Parmi les écrivains hongrois qui ont décrit la vie des gens de Budapest dans les années 1930, Sándor Márai (par exemple dans ses Métamorphoses d’un mariage) ou Antal Szerb (par exemple Le Voyageur et le clair de lune) ont décrit les préoccupations sentimentales et existentielles des classes aisées. Dezső Kosztolányi et Zsigmond Móricz, eux, se sont davantage intéressés à la vie de bohème des journalistes sans le sou et à celle des petits employés rongés par les tracas pécuniaires et le manque de perspectives d’avenir. Dans La phrase inachevée, Déry descend encore plus bas sur l’échelle sociale, voire passe de l’autre coté, celui des femmes de ménage, des garçons de café, des petits vendeurs de journaux et surtout des ouvriers comme ceux des usines métallurgiques de Csepel.
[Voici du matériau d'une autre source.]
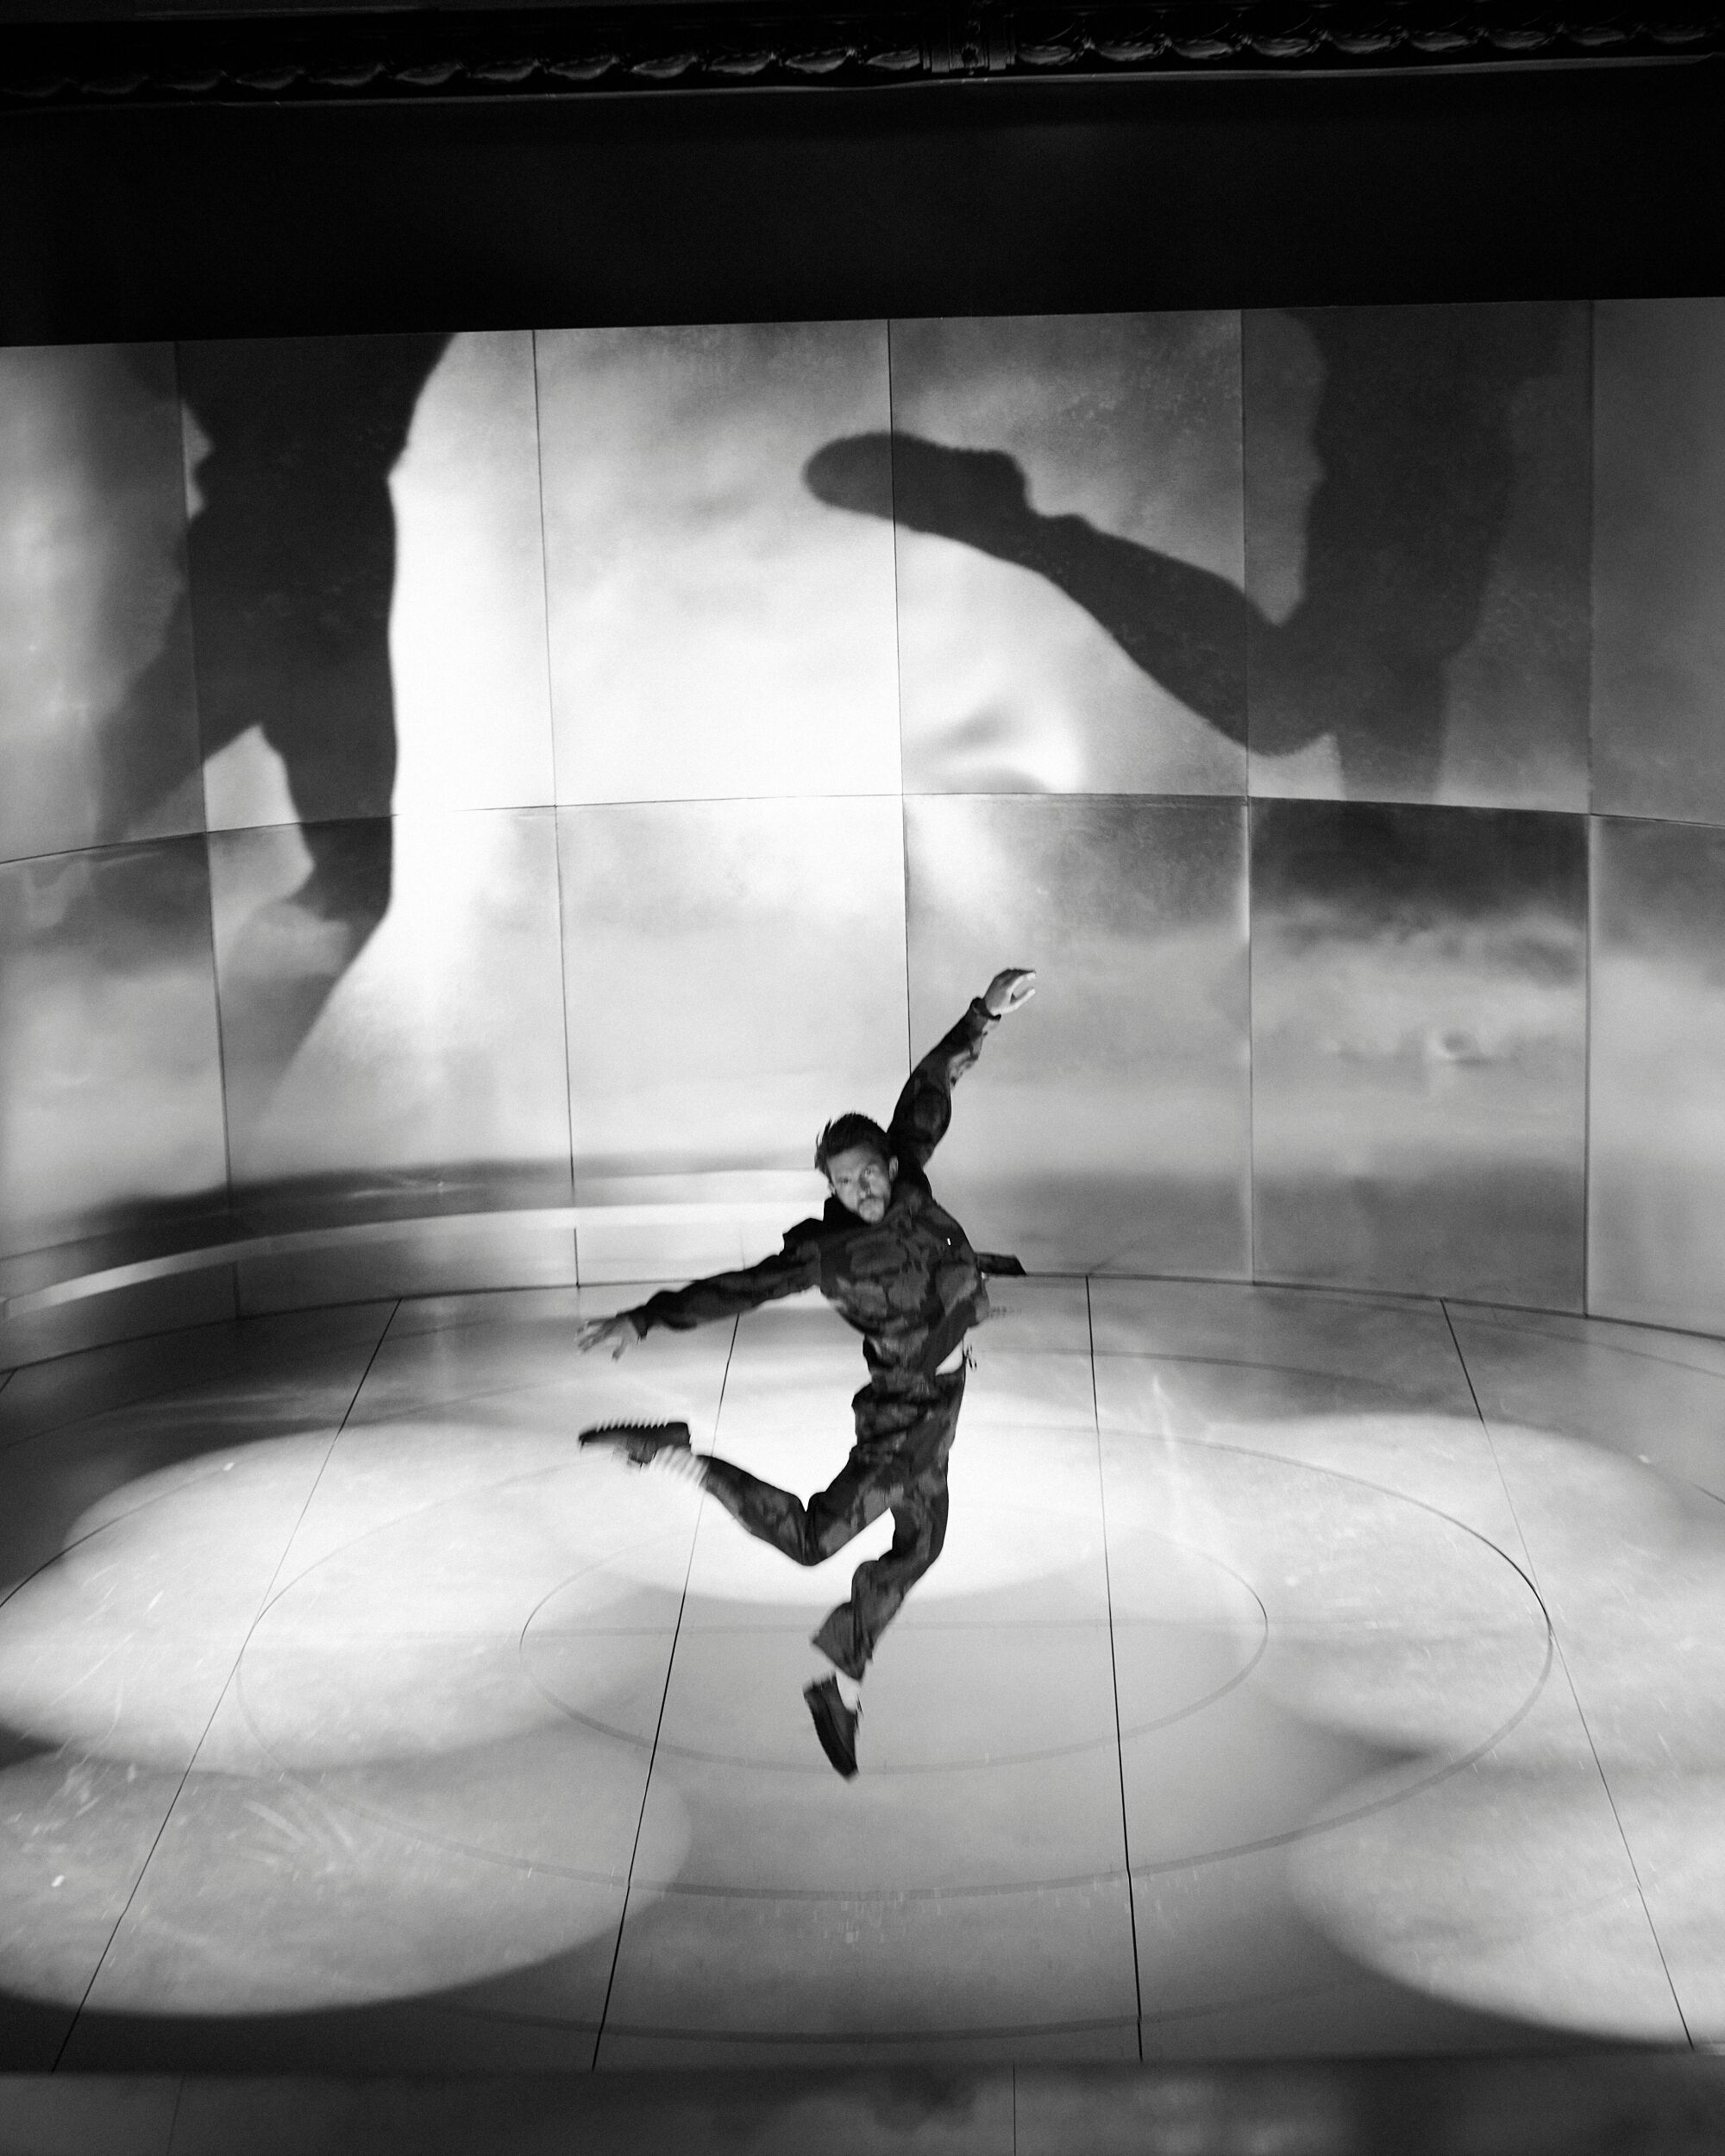 A man dancing on a large stage

Dans les quartiers populaires comme celui d’Angyalföld (Terre des Anges) où vivent les Rózsa, règnent la précarité, l’insalubrité, la maladie et la faim. S’y ajoute un climat tendu entre prolétariat qui tente de s’organiser, et bourgeoisie industrielle qui réplique aux menaces de grèves à coups de mise au chômage, de répression policière et de censure. Le souvenir de la courte mais sanglante Commune de 1919, première grande remise en cause de l’ordre politique et social du pays, hante encore, 15 ans après, les classes dirigeantes très conservatrices et de plus en plus autoritaires.
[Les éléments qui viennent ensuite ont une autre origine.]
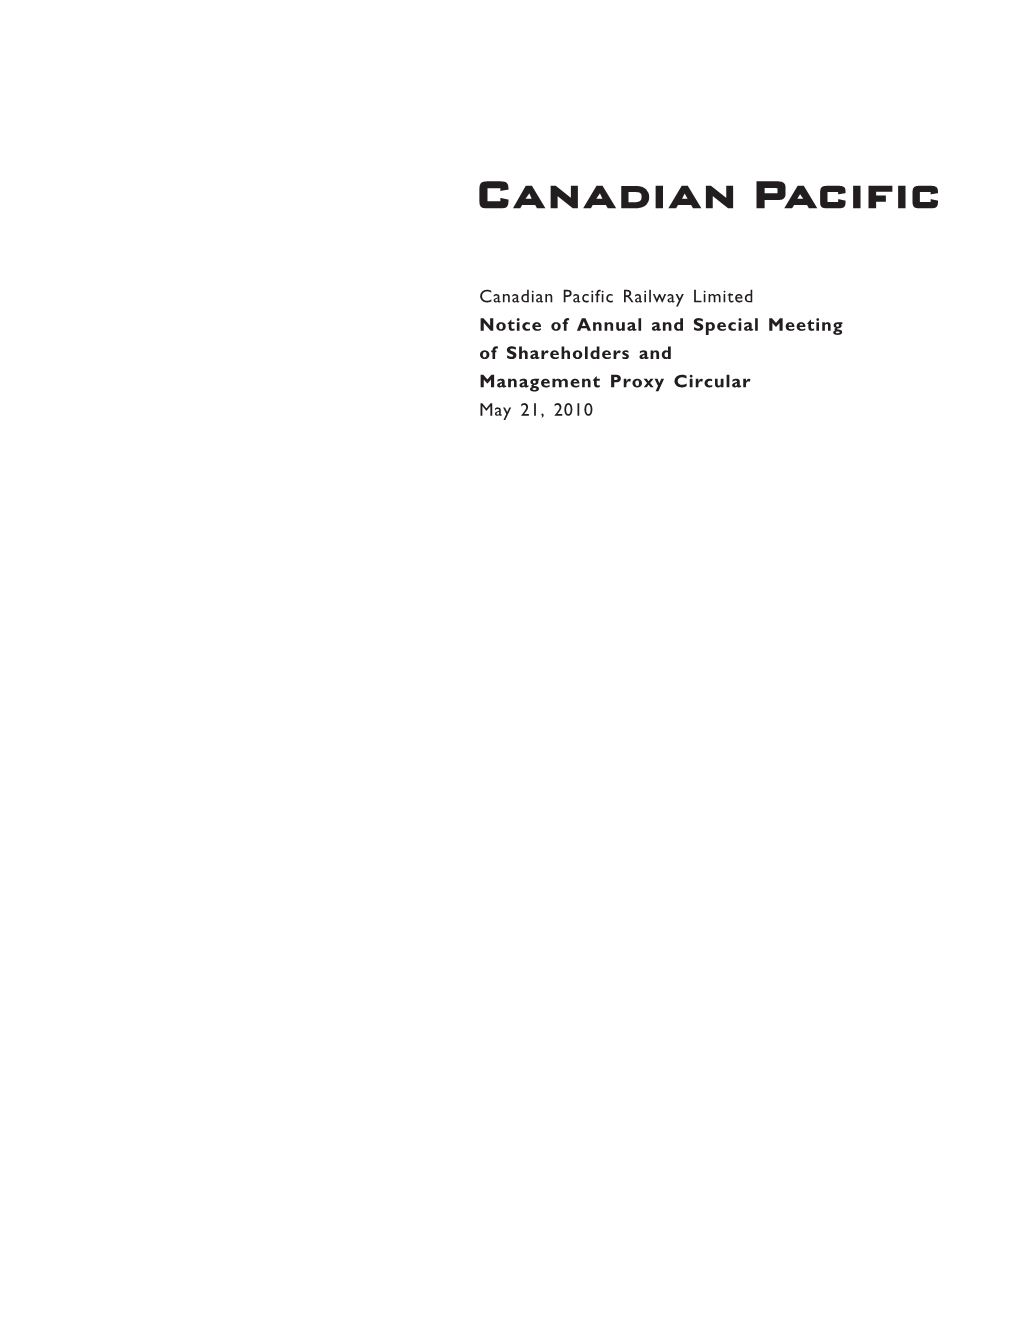 Canadian Pacific Railway Limited Notice of Annual and Special Meeting of Shareholders and Management Proxy Circular May 21, 2010 March 24, 2010

En faisant des Rózsa des militants communistes, Déry montre au lecteur le ferment de mécontentement, les dissensions entre sociaux-démocrates et communistes (attisées par leur ennemi commun au pouvoir), mais aussi la traque continue dont font l’objet les militants. Tous les ouvriers qu’on rencontre dans le livre ne sont pas politisés, loin de là (et heureusement, sinon ça pourrait ne pas être très drôle à lire), mais ceux qui s’engagent risquent la filature, la clandestinité, la prison, les interrogatoires musclés, avec pour seules échappatoires la mort ou, comme pour Mme Rózsa, l’exil.

Les autres habitants de la rue Országbíró, voisins des Rózsa, forment un arrière-plan saisissant qui illustre le plaidoyer des Rózsa pour une société meilleure que celle où une femme tue sa fille qu’elle ne peut plus nourrir, où un couple se suicide parce qu’il ne peut plus payer le loyer après un accident de travail qui fait du mari un estropié, où les ouvriers traversent la capitale à pied pour rentrer chez eux après une longue journée de travail parce que leur salaire n’est pas suffisant pour payer les transports en commun, et où les « capitalistes » s’enrichissent quasi impunément en détournant les fonds de la sécurité sociale.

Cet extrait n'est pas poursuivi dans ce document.